Sandy Jen, Meebo
- First job after graduation had cubicle walls. She was short and walls were really tall!
- Worked on own ideas after working a regular 8-5 day.
- Got funding after launching.
- Two lives: During the day, working on mobile start-ups; at night, help run Women 2.0.
- Women 2.0 helps women launch start-ups via networking, workshops, competitions, etc.
- Grew up in Canada, travelled back and forth to Pakistan. Helped her see how much she had living in Canada. Technology is one thing that's missing in places like Pakistan.
- Thought she wanted to code but found out otherwise in first course with JavaScript. Took business to be able to work with engineers instead.
- Interviewed at Google after graduation. Saw Silicon Valley for first time. Didn't get Google job, but came to Silicon Valley anyway.
- It's not about what you've already done or the failures you've had - it's about what you want to do next.
- Don't over plan and see what interesting bumps come along on the way.
- Liberal arts snob in undergrad.
- Worked at Random House book publishing.
- Found someone also interested in the idea of spreading ideas while editing his book. Started Squidoo.
- Wants us to realize what a cool moment we're in, and to just pick something and start doing it (don't spend too much time researching, etc!).
- Social startups are a current trend (where social is code for non-profit).
- Biggest question: I have this idea. How do I make it happen?
- Get the feeling that you can make things better.

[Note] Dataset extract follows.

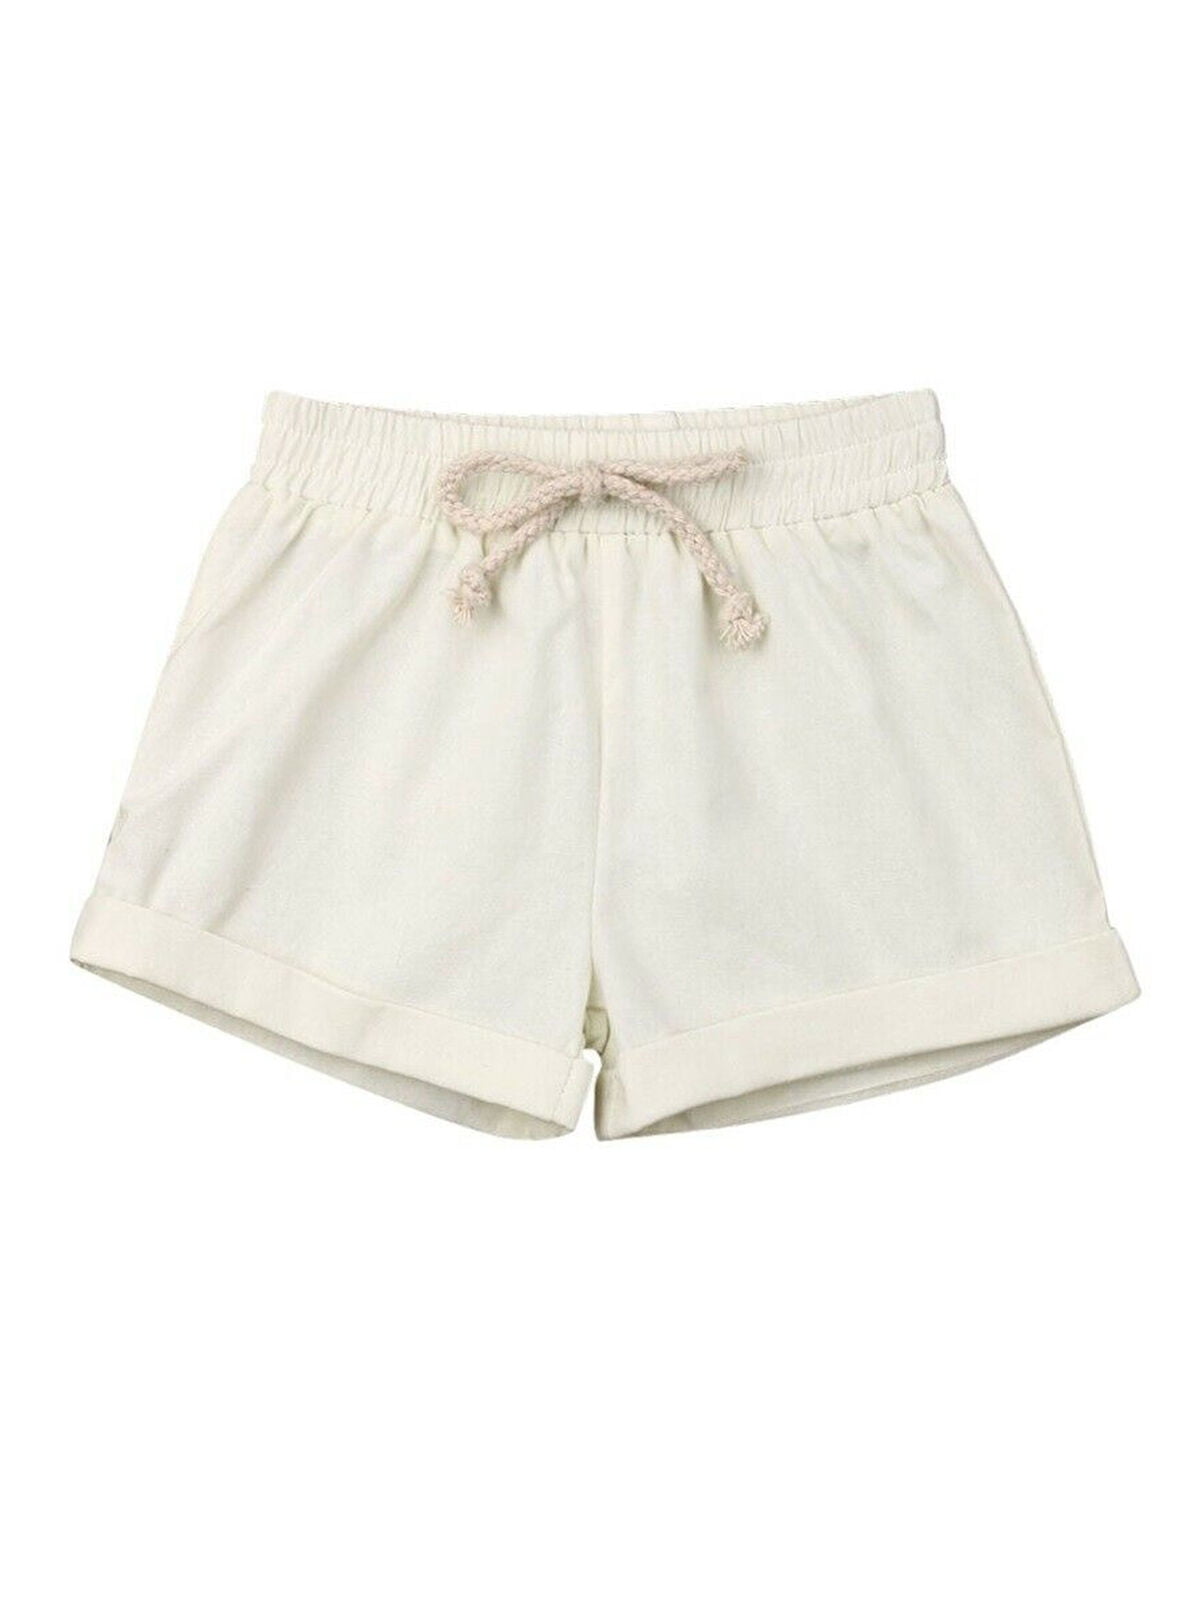 Kids Baby Boy Girl Casual Shorts Pants Toddler Infant Harem Jogger Trouser 3M-4Y 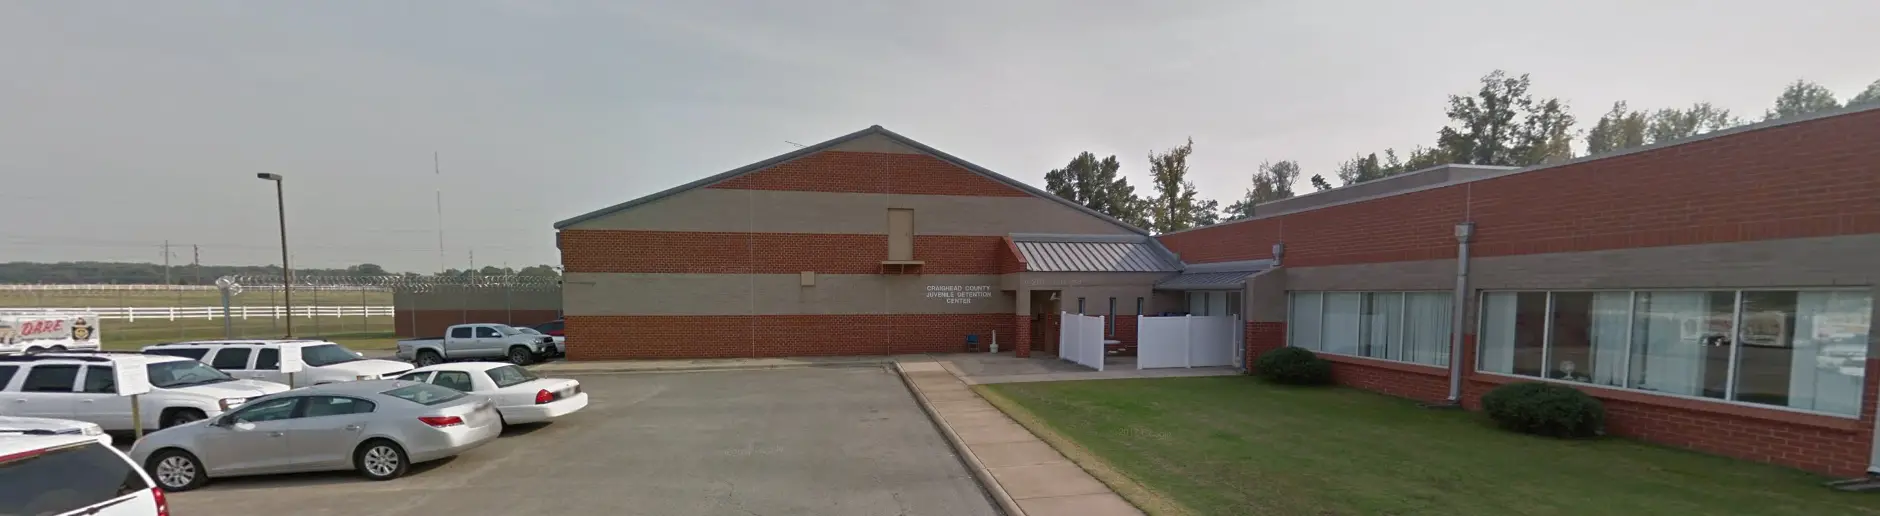 Craighead Juvenile & Adult Detention Center

- In tech, you can choose ideas that don't cost a lot of money up front (especially on web). Sandy used her own money to start Meebo, making it her baby (and making cost-cutting decisions easier).
- Lately, the start-ups that have made it got funding from friends and family they trust rather than venture capitalist money. Start making money with ads and freemium models.
- Don't ask for permission to execute your idea when asking for money. Be frank that it might fail in a year.
- Share your idea and get feedback. Others will have the same idea, but will approach it differently, so you don't have to keep it to yourself.
- Passion: You see an opportunity really clearly, and you'd feel really bummed if you missed it. Helping people and enabling people. Gives you that internal energy that nobody else can give you.
How can I find the right people to become co-founders, stock holders, etc?
- Look for people who want the experience and the celebrity status.
- Being in the right environment can help a lot. E.g. Silicon Valley is ripe with technologists.
- Check entrepreneurial resources.
- Go to Elance.
- You can't know. But that doesn't make your idea invalid.
- "No point in trying to out-Google Google." If the other people fill every need you ever had and you're envious of it... you probably don't need to add to the market.
- The idea itself should never be a secret. The idea might be the same but the implementation different.
- Those you tell haven't gone through the evolution you have, so you're most likely to do it better.